Please copy each line of the listing below precisely, excluding the images.

START MATERIALS PROVIDED

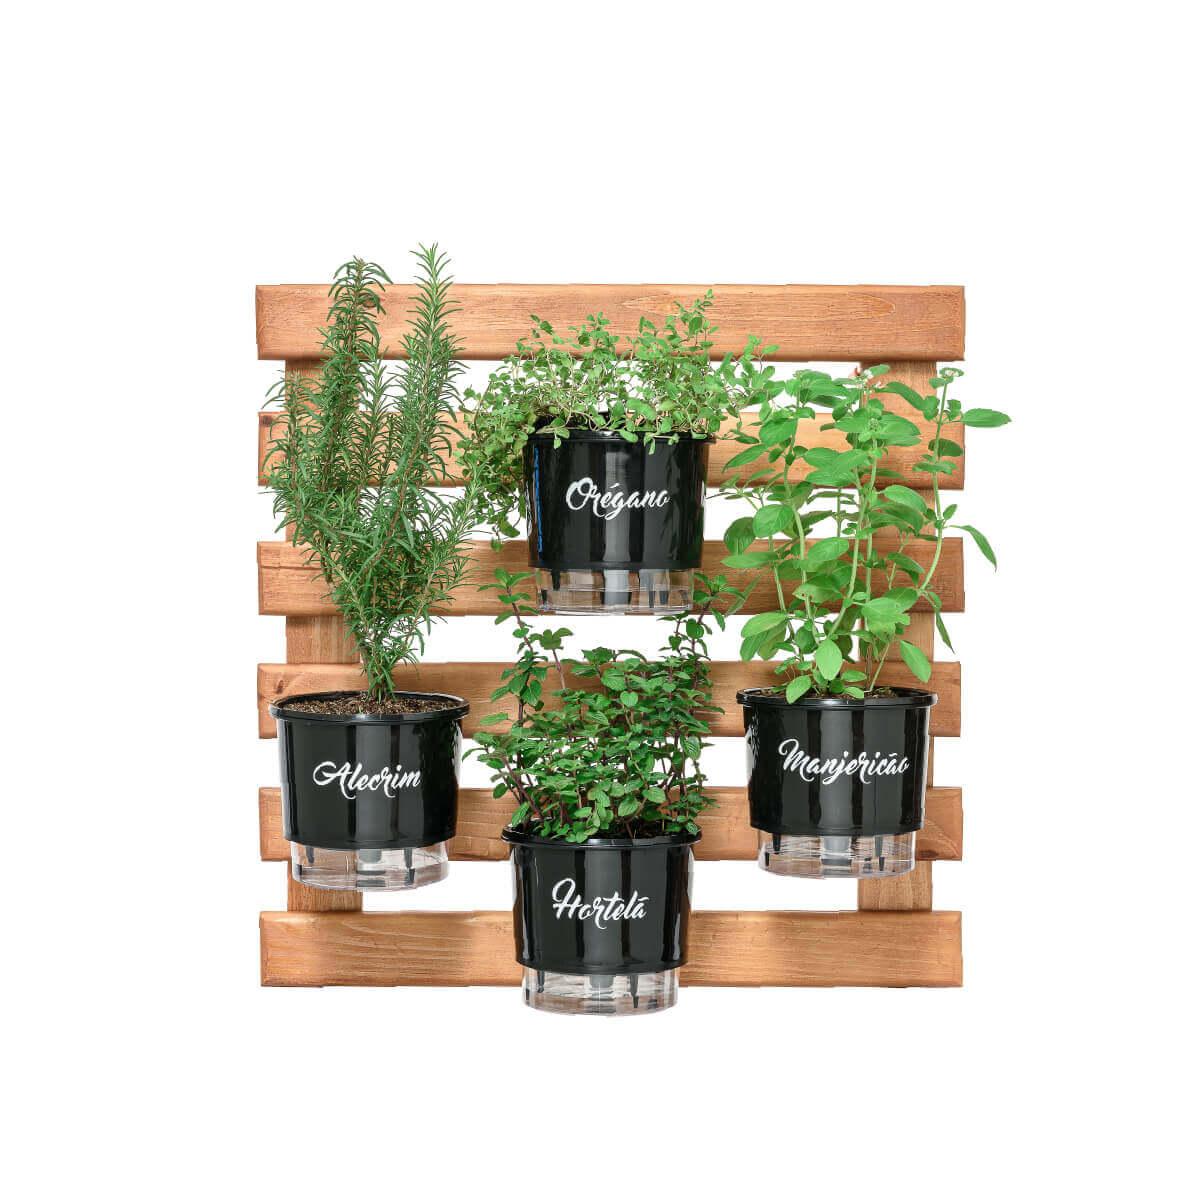 Horta Vertical Caramelo 60cm x 60cm com 4 Vasos Gourmet  - Loja Raiz
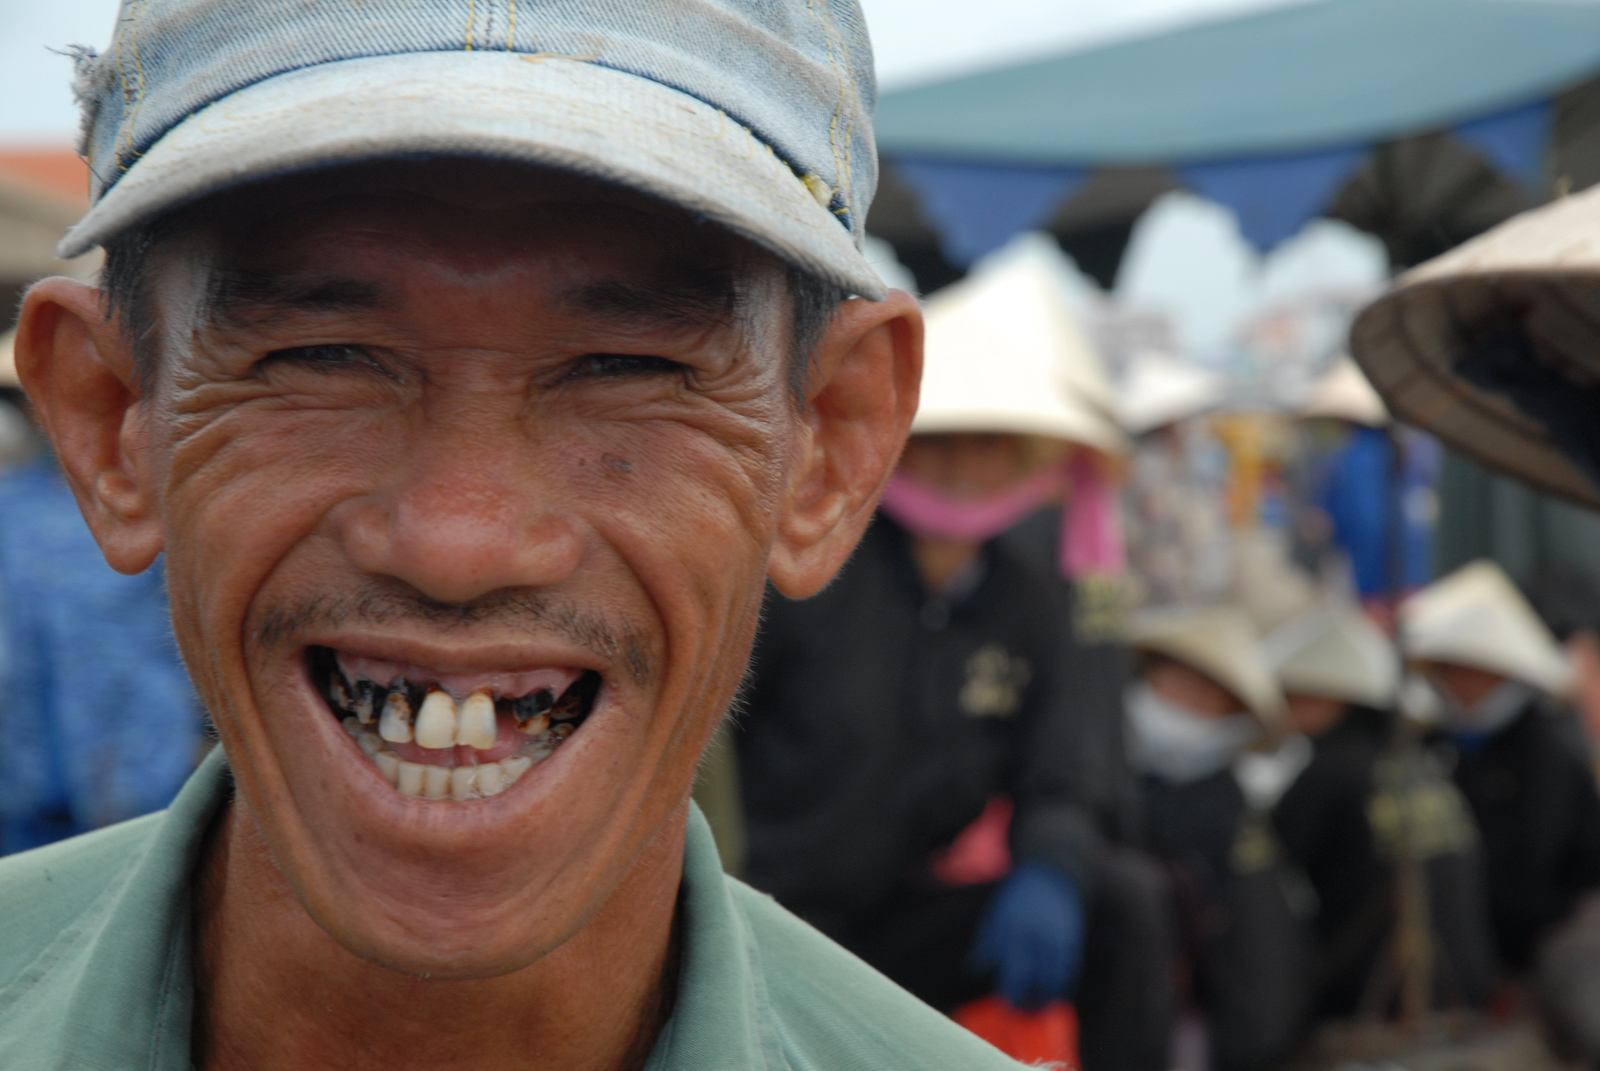 File:Big Smile 2.jpg
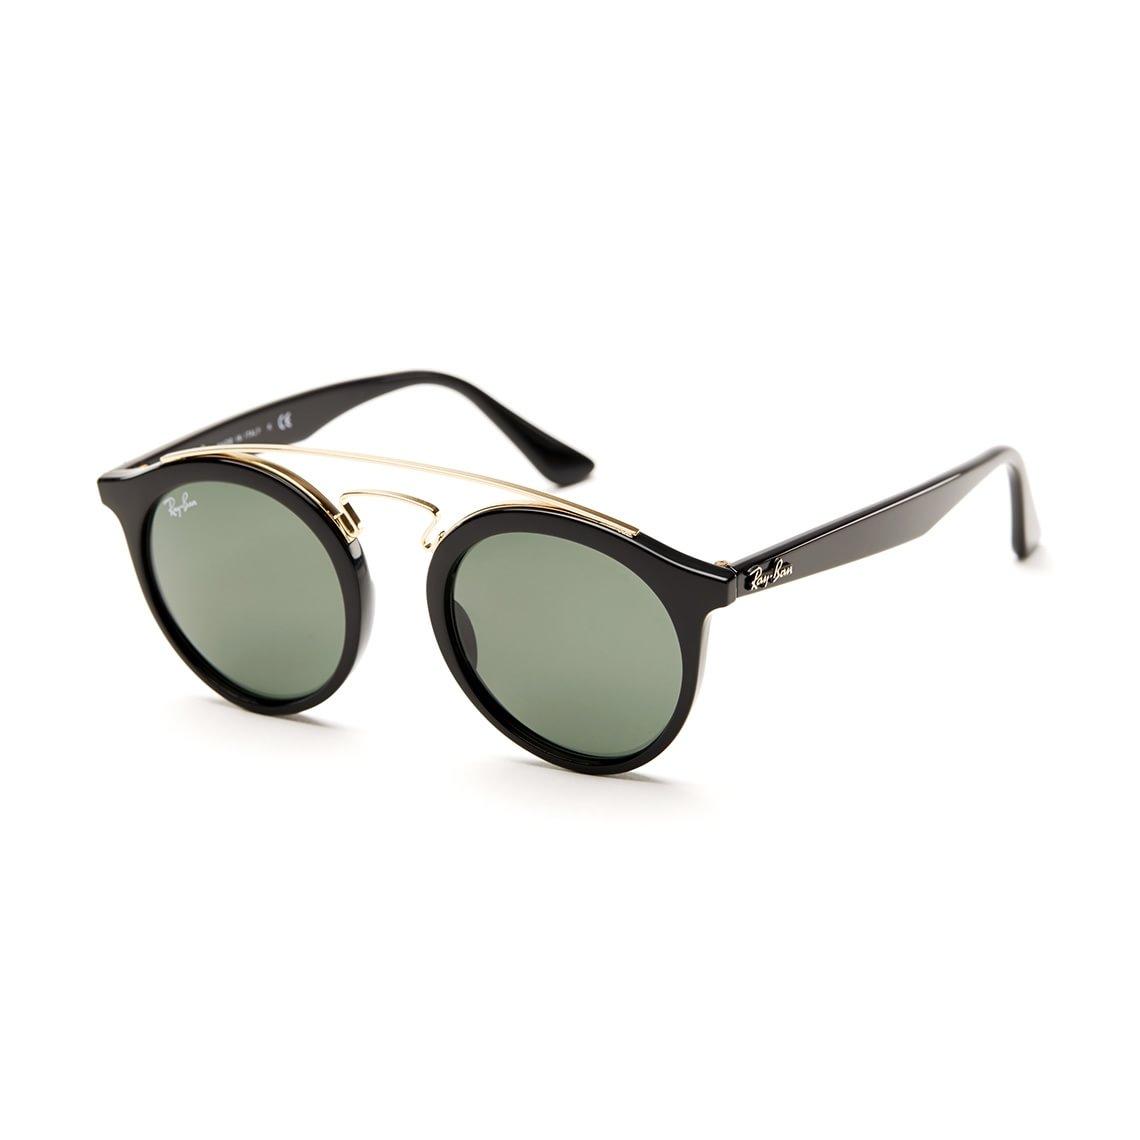 Gröna - Solglasögon - Synsam b093b397a884
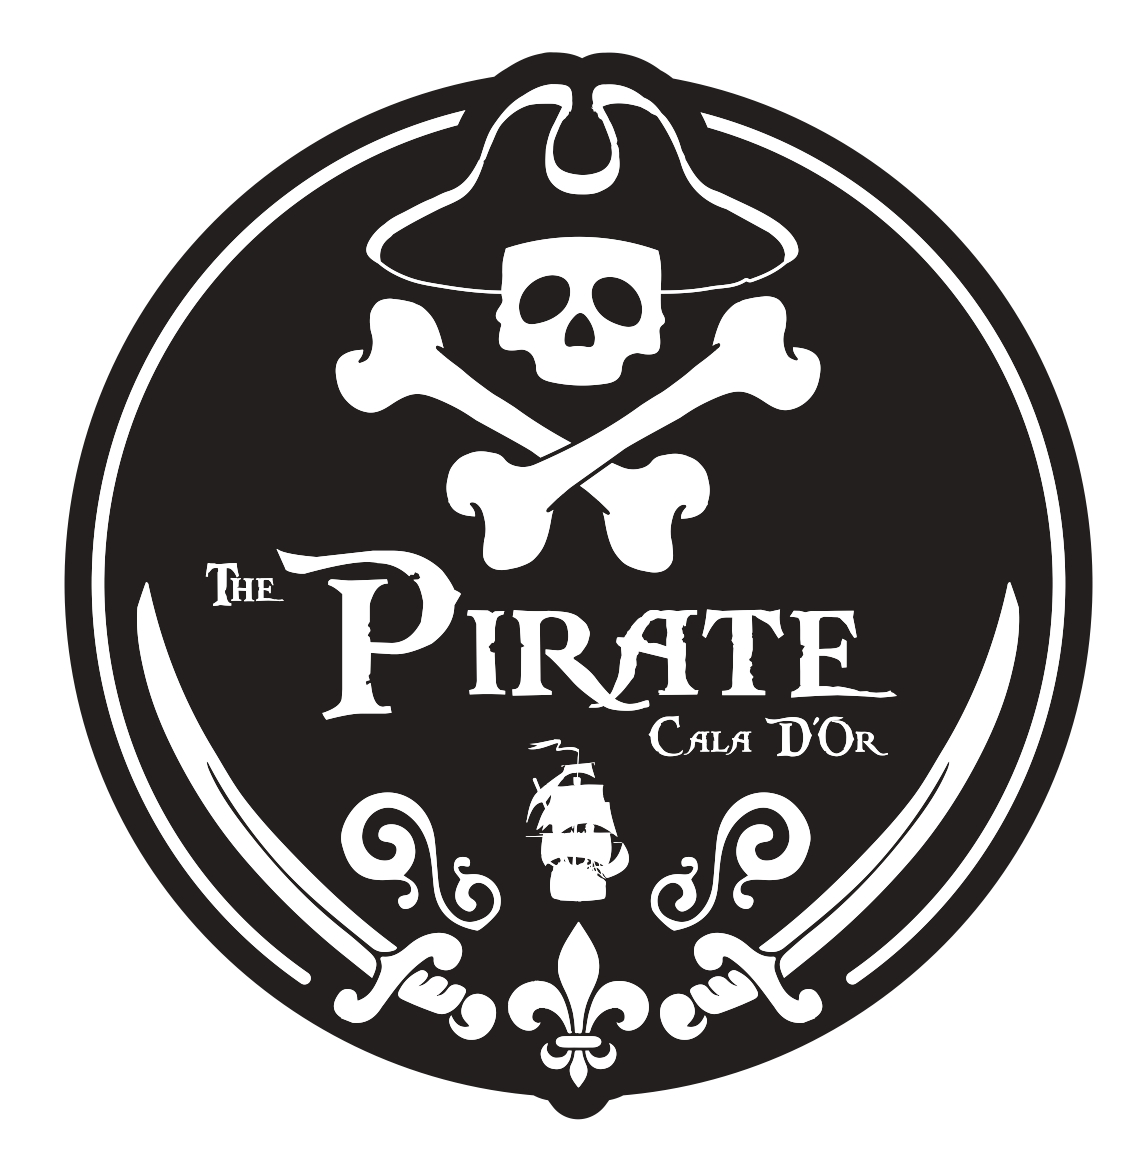 Restaurant The Pirate
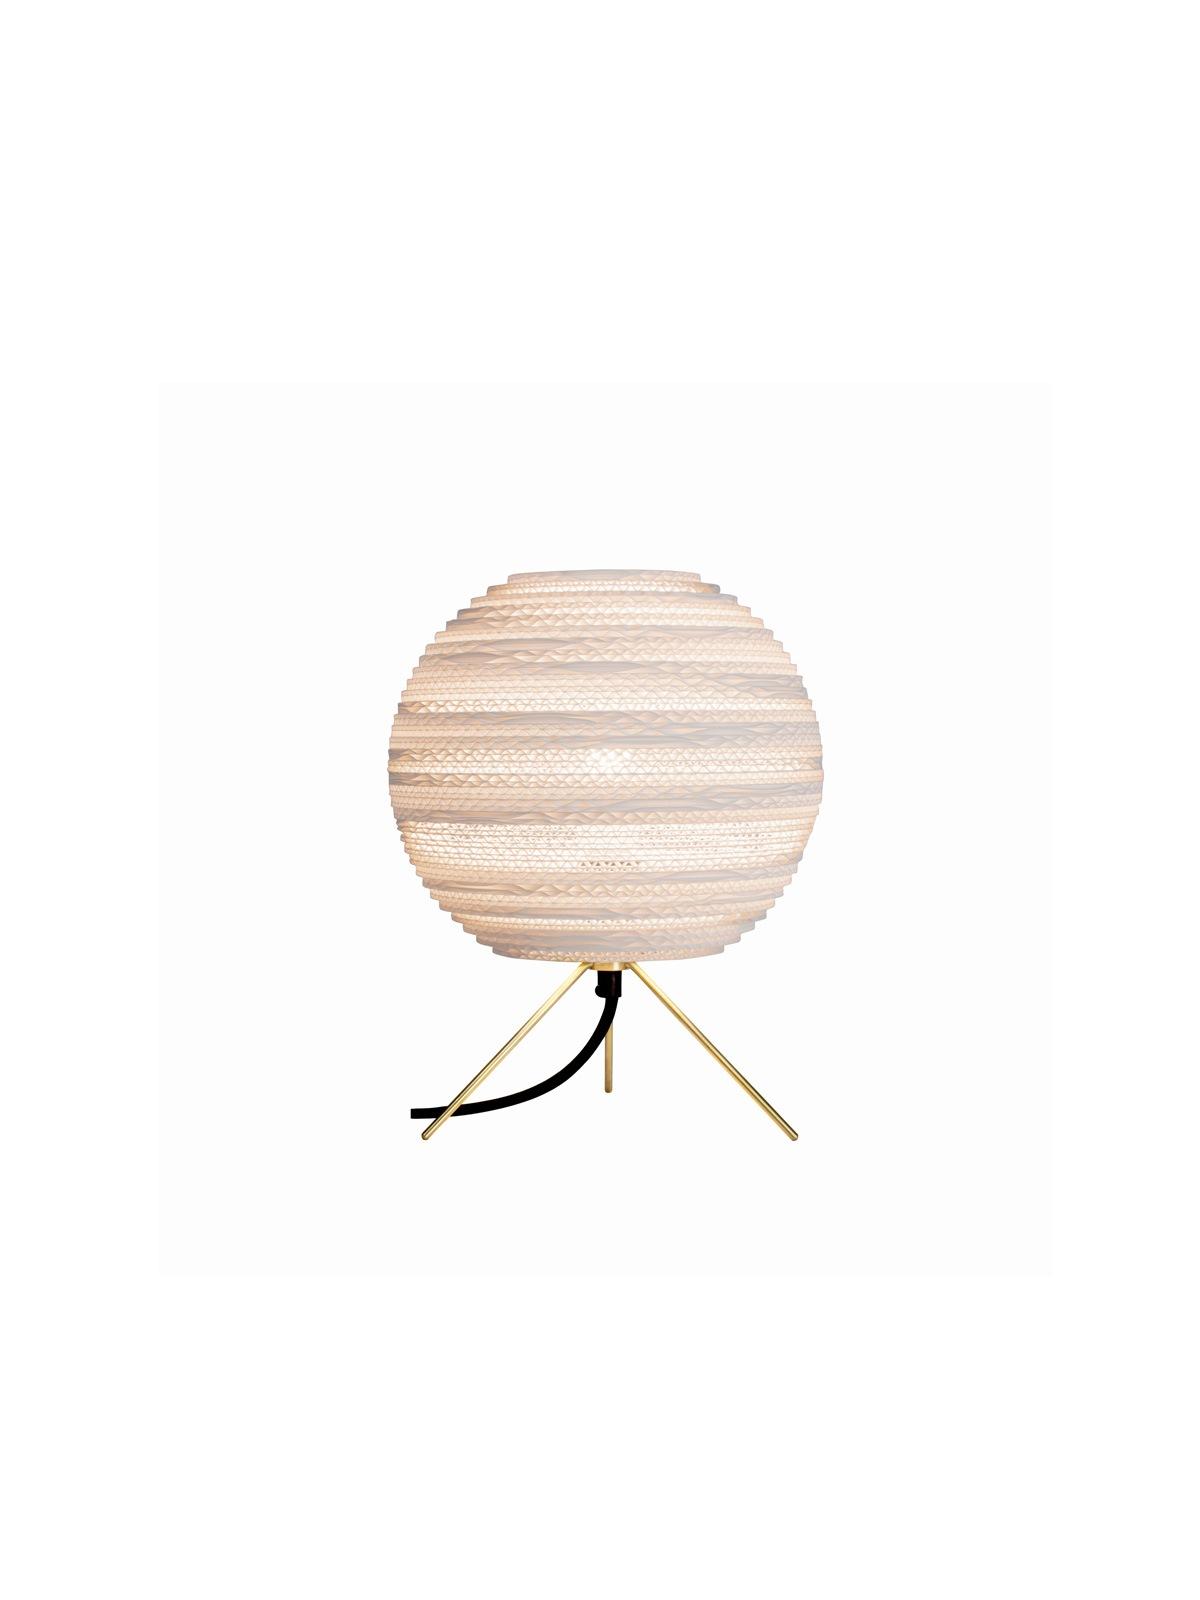 Moon Table white Tischlampe Graypants Pappe Designort Lampen Berlin

END MATERIALS PROVIDED

• [SOLUTION TO THIS TASK]
 Horta Vertical Caramelo 60cm x 60cm com 4 Vasos Gourmet  - Loja Raiz
 File:Big Smile 2.jpg
 Gröna - Solglasögon - Synsam b093b397a884
 Restaurant The Pirate
 Moon Table white Tischlampe Graypants Pappe Designort Lampen Berlin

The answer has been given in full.